Around 1425, Donatello entered into a partnership with Italian sculptor and architect Michelozzo, who also studied with Lorenzo Ghiberti. Donatello and Michelozzo traveled to Rome, where they produced several architectural-sculptural tombs, including the tomb of Antipope John XXIII and the tomb of Cardinal Brancacci. These innovations in burial chambers would influence many later Florentine tombs.
Donatello had nurtured a close and lucrative relationship with Cosimo de’ Medici in Florence. In 1430, the eminent art patron commissioned Donatello to do another statue of David, this time in bronze. This is probably Donatello’s most famous work. The sculpture is fully independent from any architectural surroundings that might support it. Standing a little over five feet tall, David represents an allegory of civic virtue triumphing over brutality and irrationality.

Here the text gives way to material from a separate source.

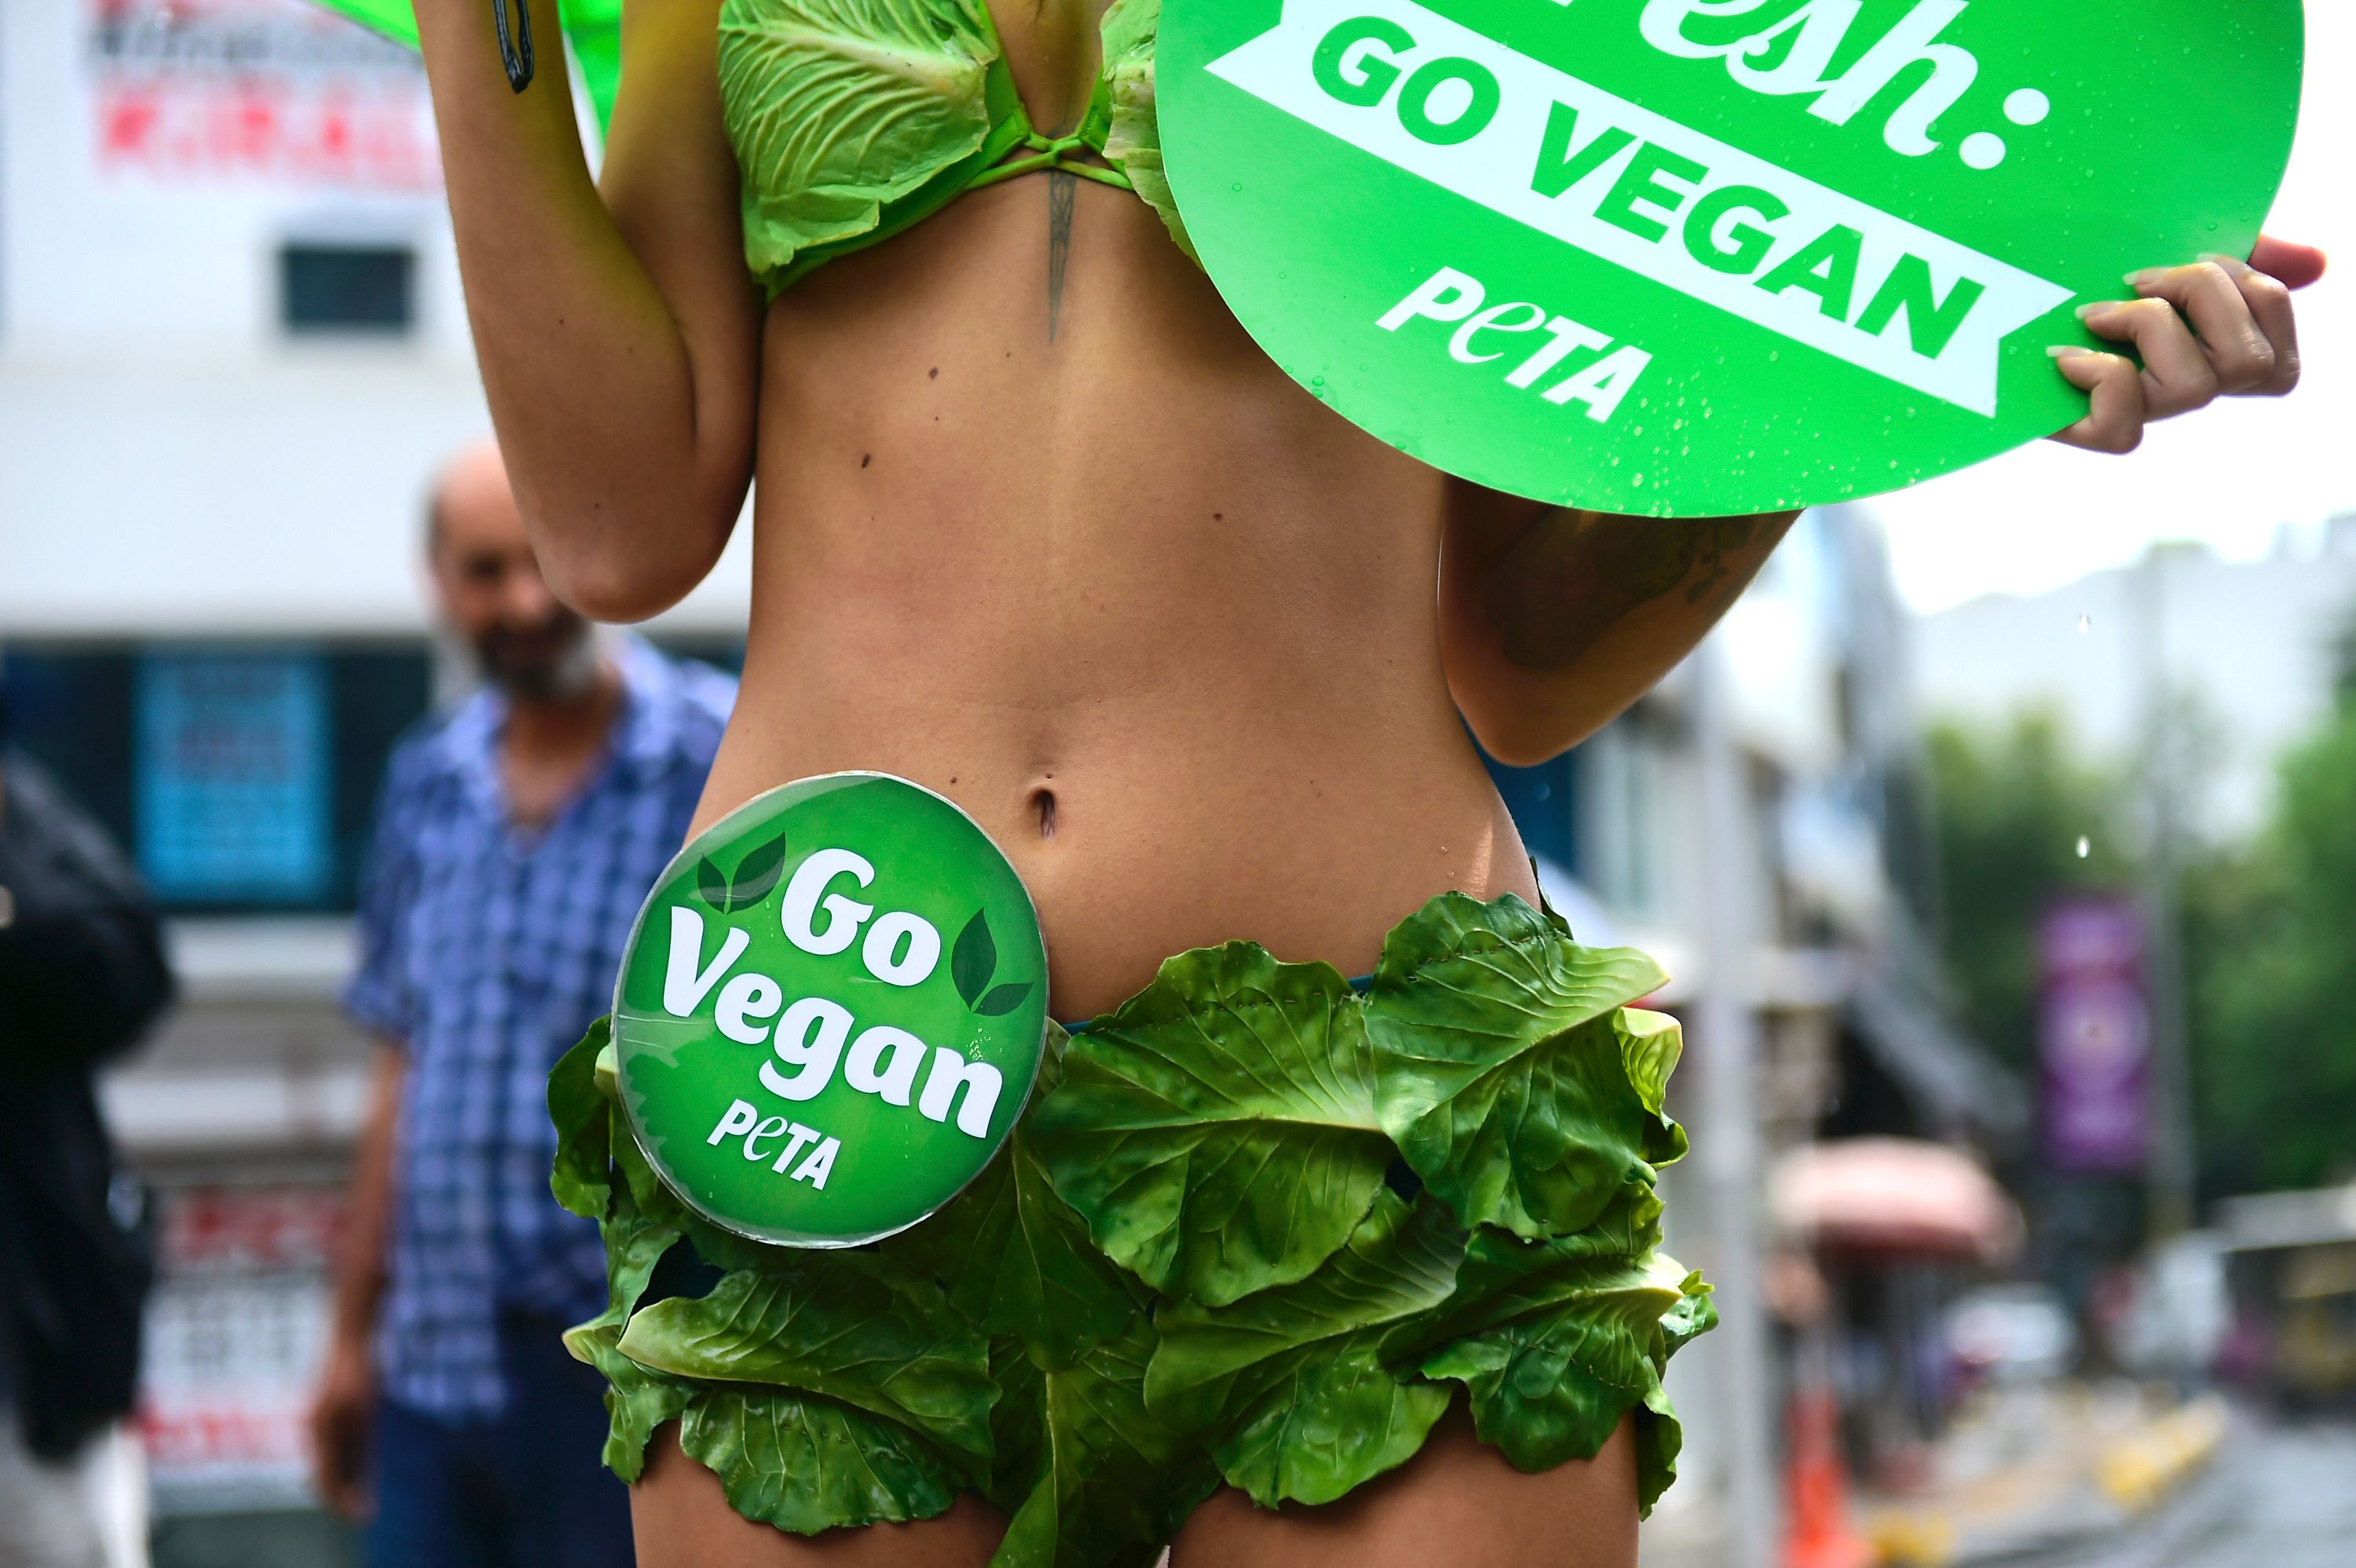 A woman wearing underwear made with salad and called "Lettuce Ladies", holds a placard reading ''start fresh, go vegan" during a demonstration of the US animal rights organisation People for the Ethical Treatment of Animals (PETA), next to a bull scultpure on August 17, 2017, at Kadikoy, in Istanbul. / AFP PHOTO / YASIN AKGUL (Photo credit should read YASIN AKGUL/AFP/Getty Images)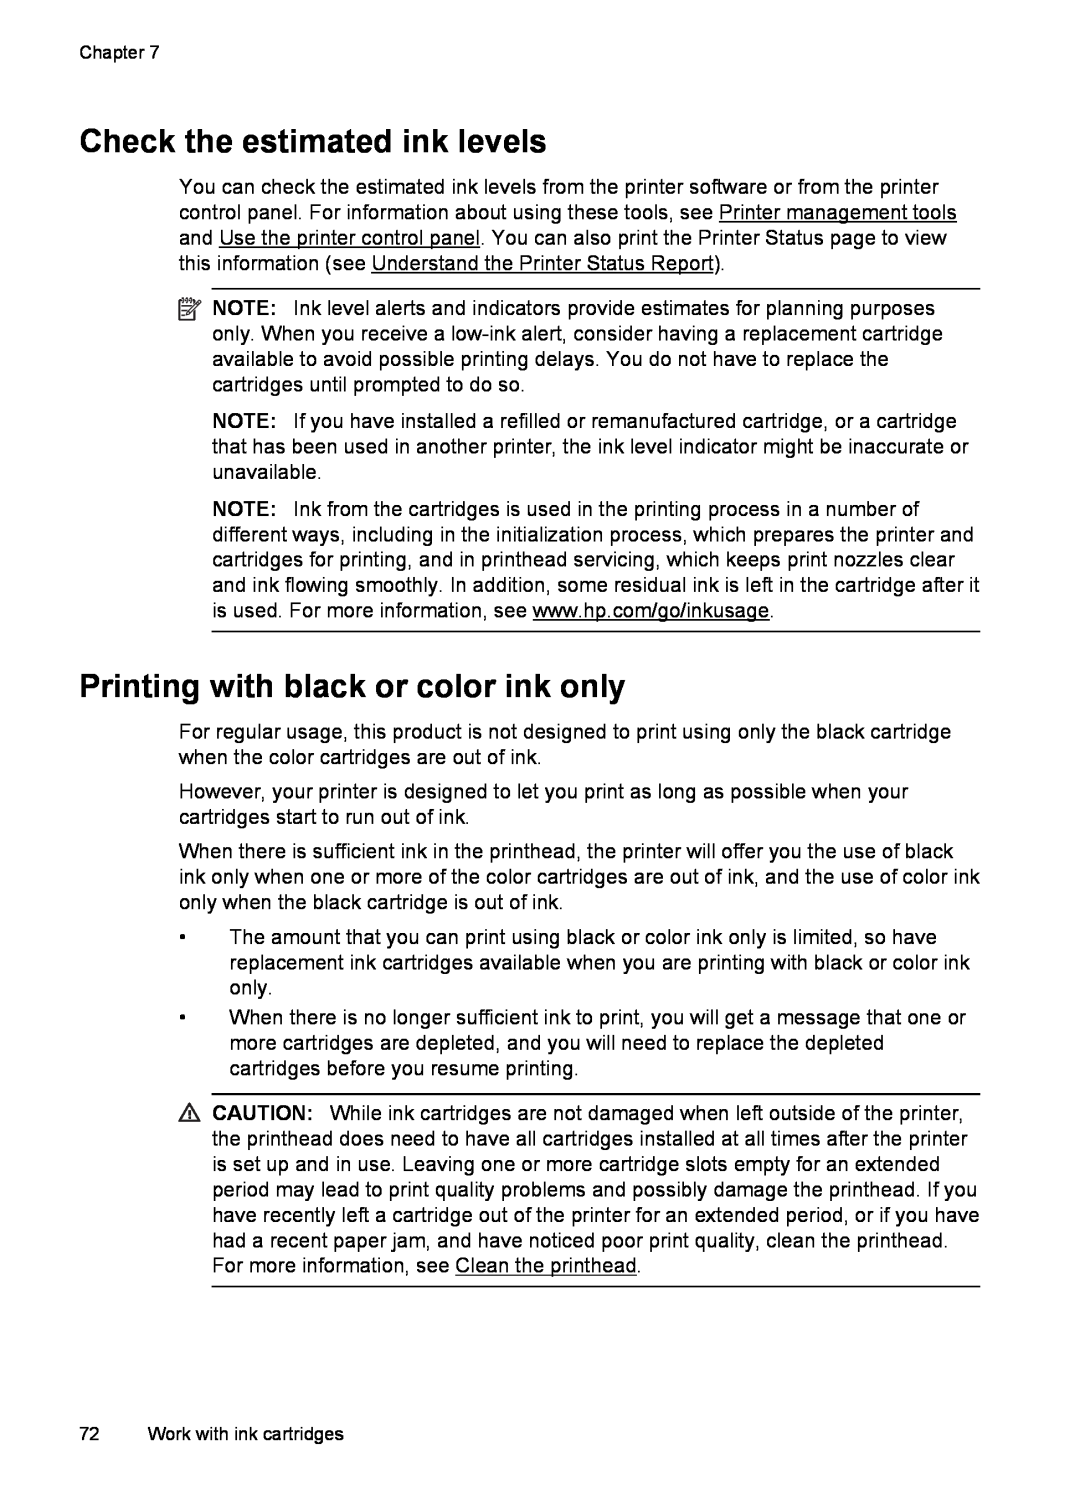 HP 6600 - H7 manual Check the estimated ink levels, Printing with black or color ink only

In 1443, Donatello was called to the city of Padua by the family of the famous mercenary Erasmo da Narni, who had died earlier that year. In 1450, Donatello completed a bronze statue called Gattamelata, showing Erasmo riding a horse in full battle dress, minus a helmet. This was the first equestrian statue cast in bronze since the Romans. The sculpture created some controversy, as most equestrian statues were reserved for rulers or kings, not mere warriors. This work became the prototype for other equestrian monuments created in Italy and Europe in the following centuries.
By 1455, Donatello had returned to Florence and completed Magdalene Penitent, a statue of a gaunt-looking Mary Magdalene. Commissioned by the convent at Santa Maria di Cestello, the work was probably intended to provide comfort and inspiration to the repentant prostitutes at the convent. Donatello continued his work taking on commissions from wealthy patrons of the arts. His lifelong friendship with the Medici family earned him a retirement allowance to live on the rest of his life. He died of unknown causes on December 13, 1466, in Florence and was buried in the Basilica of San Lorenzo, next to Cosimo de' Medici. An unfinished work was faithfully completed by his student Bertoldo di Giovanni.